4.                             En définitive, l’appel doit être rejeté dans la procédure de l'art. 312 al. 1 CPC et l'ordonnance de première instance confirmée.

 

                            L'appel étant d'emblée dépourvu de toute chance de succès, la requête d'assistance judiciaire de l'appelant doit être rejetée (art. 117 let. b CPC).

             

                            Compte tenu de la situation financière de l'appelant, l'arrêt peut toutefois être rendu sans frais (art. 112 al. 1 CPC; art 6 al. 3 TFJC [tarif des frais judiciaires civils du 28 septembre 2010, RSV 270.11.5]).

 

 

Par ces motifs,

le juge délégué de la Cour d’appel civile du Tribunal cantonal,

statuant à huis clos,

en application de l'art. 312 al. 1 CPC,

prononce :

 

              I.              L'appel est rejeté.

 

              II.              L'ordonnance est confirmée.

 

              III.              La requête d'assistance judiciaire est rejetée.

 

              IV.              L'arrêt motivé, rendu sans frais, est exécutoire.

 

 

Le juge délégué :               Le greffier :

 

 

 

 

Du 31 janvier 2013

 

              Le dispositif de l'arrêt qui précède est communiqué par écrit aux intéressés.

 

              Le greffier :

 

 

 

 

Du

 

              L'arrêt qui précède, dont la rédaction a été approuvée à huis clos, est notifié en expédition complète, par l'envoi de photocopies, à :

 

‑              Me Paul-Arthur Treyvaud (pour A.X.________),

‑              Me Franck-Olivier Karlen (pour B.X.________).

 

              Le présent arrêt peut faire l'objet d'un recours en matière civile devant le Tribunal fédéral au sens des art. 72 ss LTF (loi du 17 juin 2005 sur le Tribunal fédéral – RS 173.110), cas échéant d'un recours constitutionnel subsidiaire au sens des art. 113 ss LTF. Dans les affaires pécuniaires, le recours en matière civile n'est recevable que si la valeur litigieuse s'élève au moins à 15'000 fr. en matière de droit du travail et de droit du bail à loyer, à 30'000 fr. dans les autres cas, à moins que la contestation ne soulève une question juridique de principe (art. 74 LTF).
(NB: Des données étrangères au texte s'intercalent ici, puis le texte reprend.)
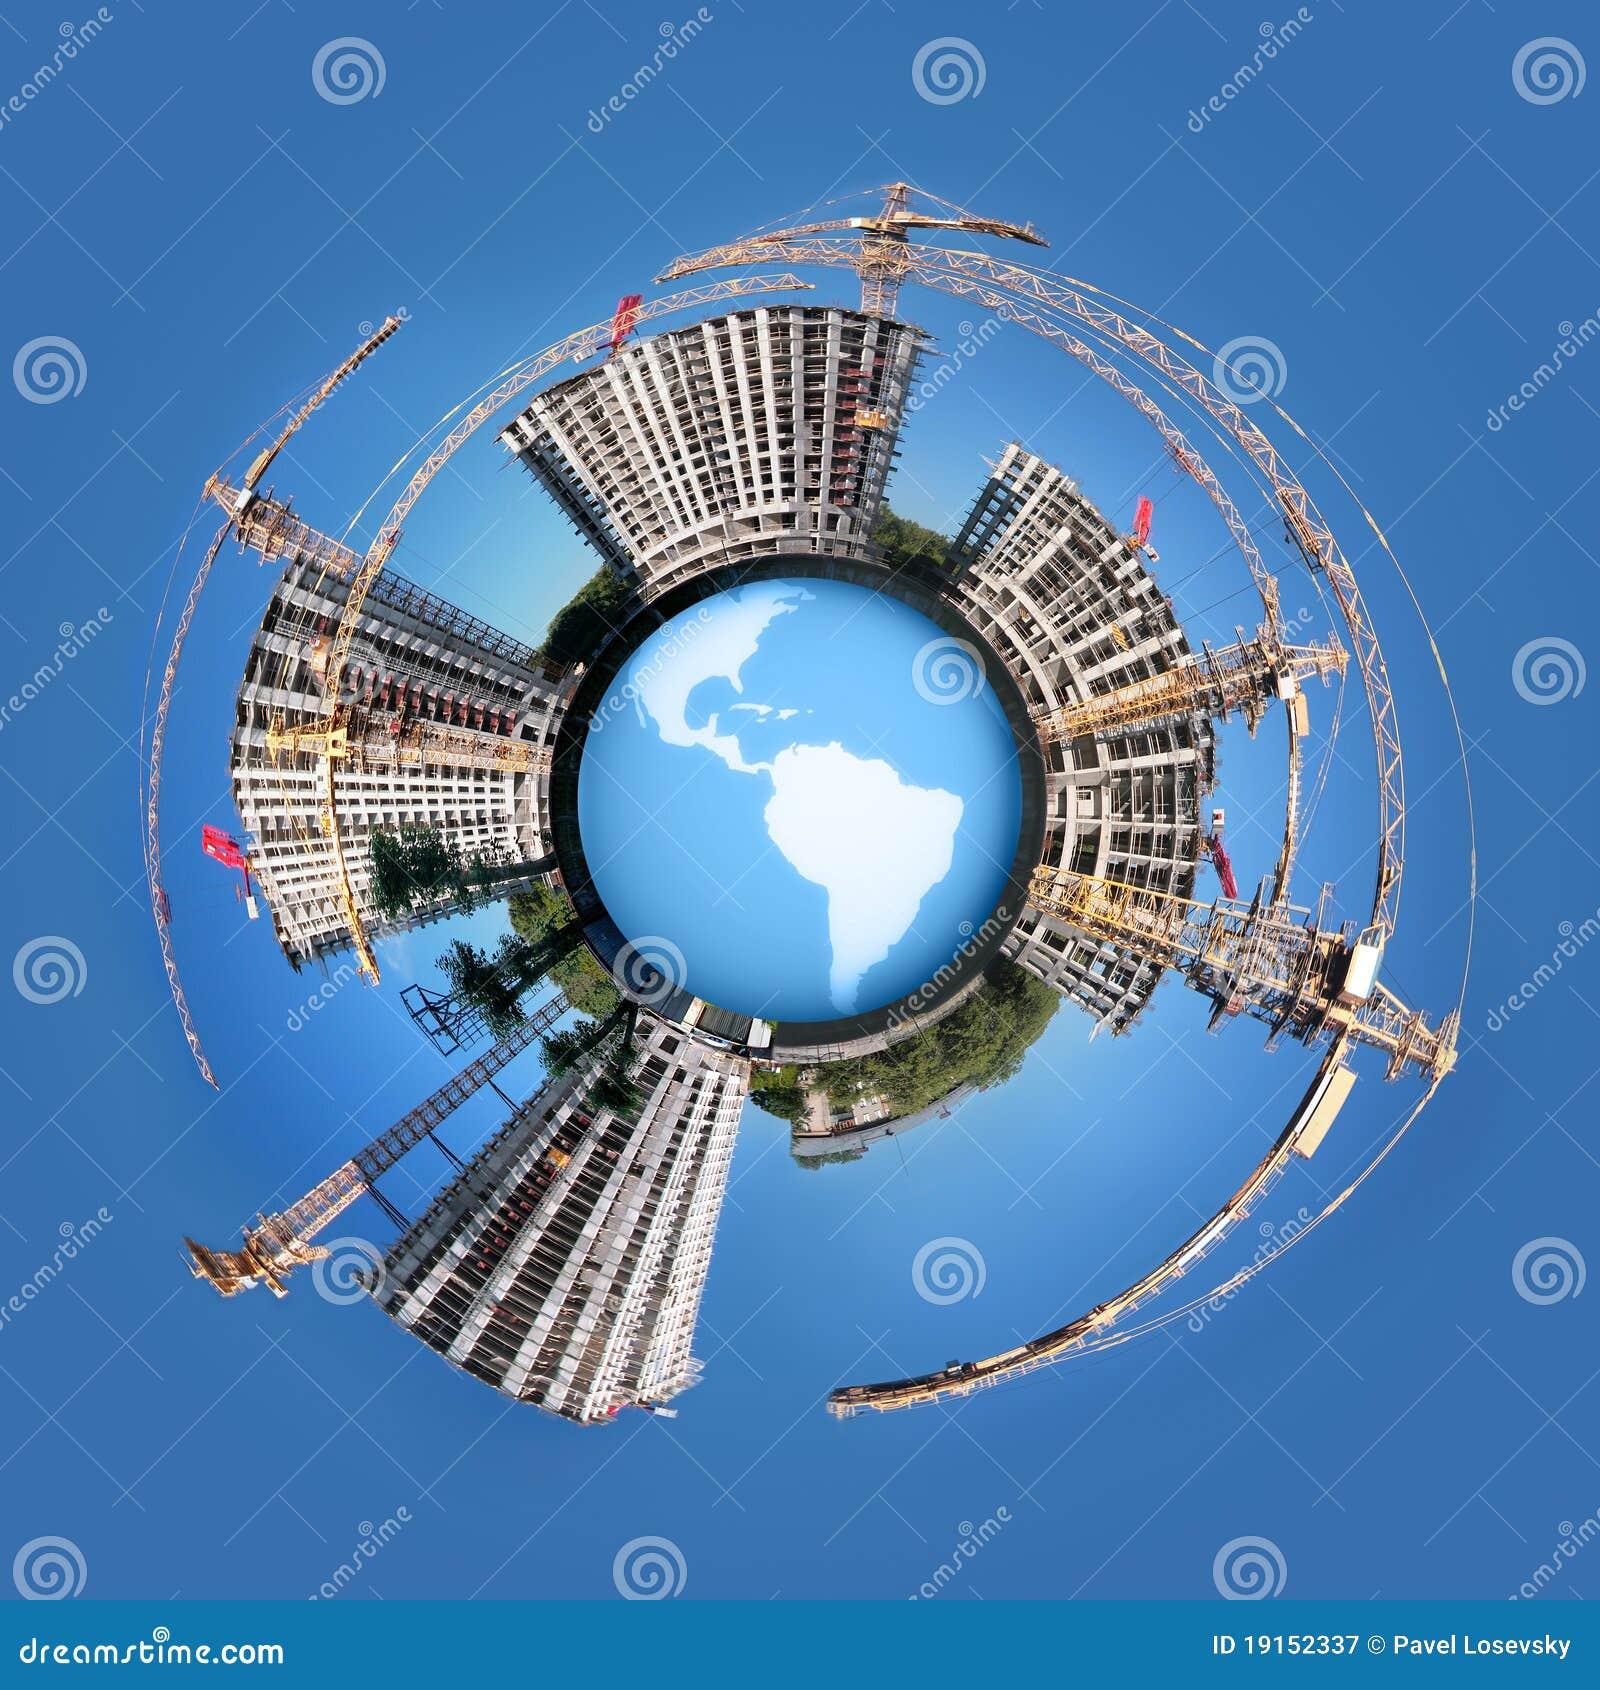 how to take a circle panorama
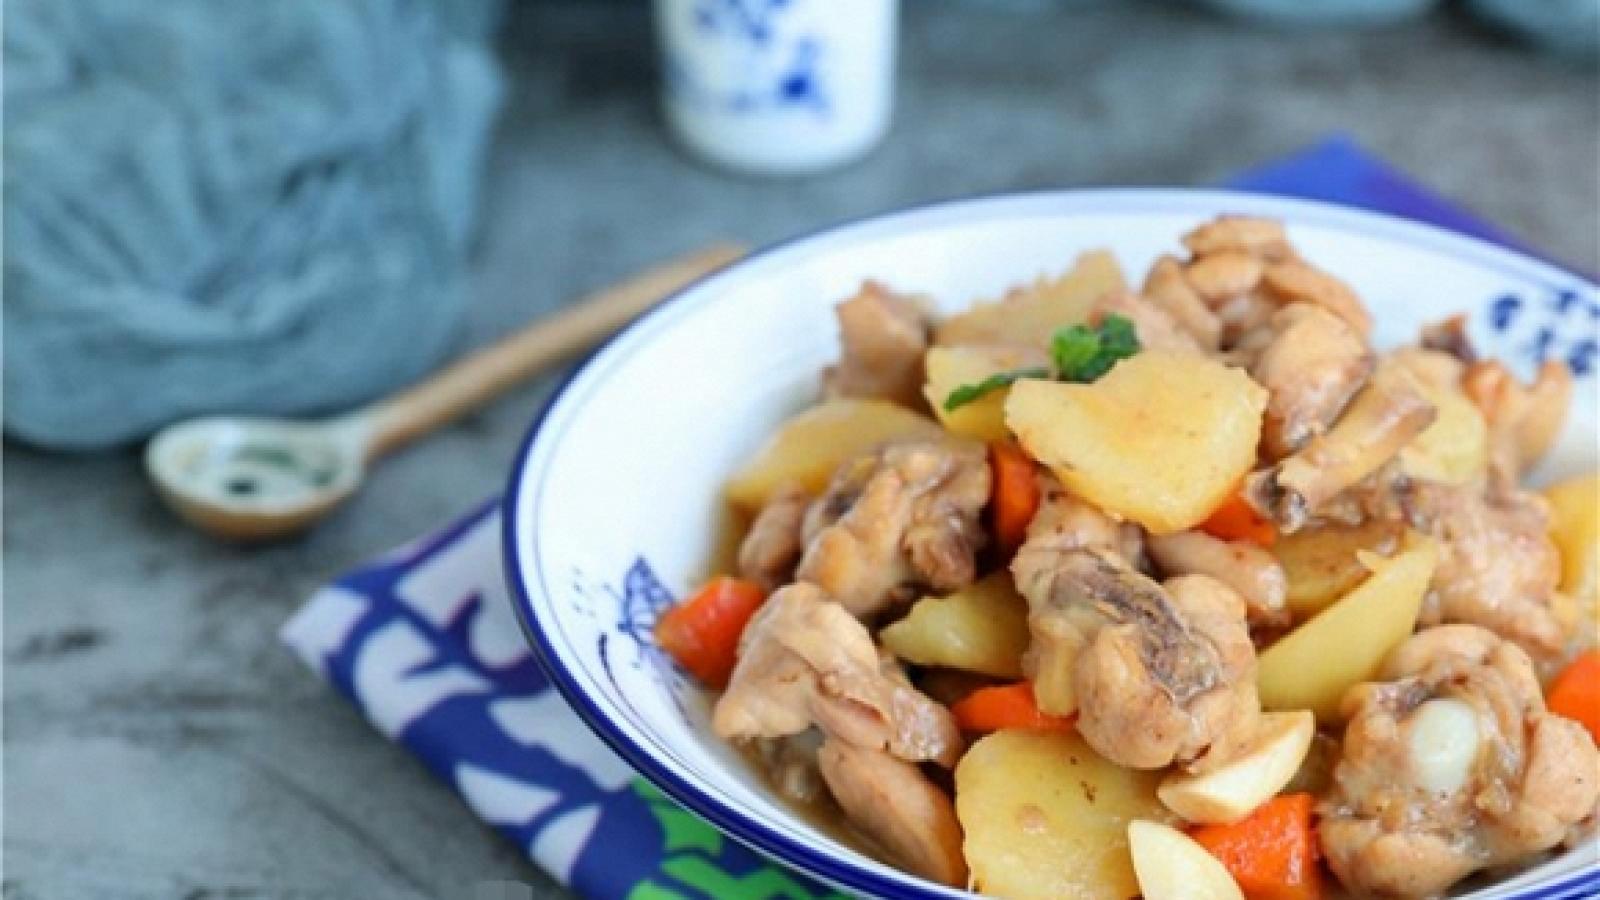 Cách làm món gà hầm khoai tây và cà rốt cho bữa cơm gia đình thêm bổ dưỡng

Ces recours doivent être déposés devant le Tribunal fédéral dans les trente jours qui suivent la présente notification (art. 100 al. 1 LTF).

 

              Cet arrêt est communiqué, par l'envoi de photocopies, à :

 

‑              Mme la Présidente de Tribunal civil de l'arrondissement de La Broye et du Nord vaudois.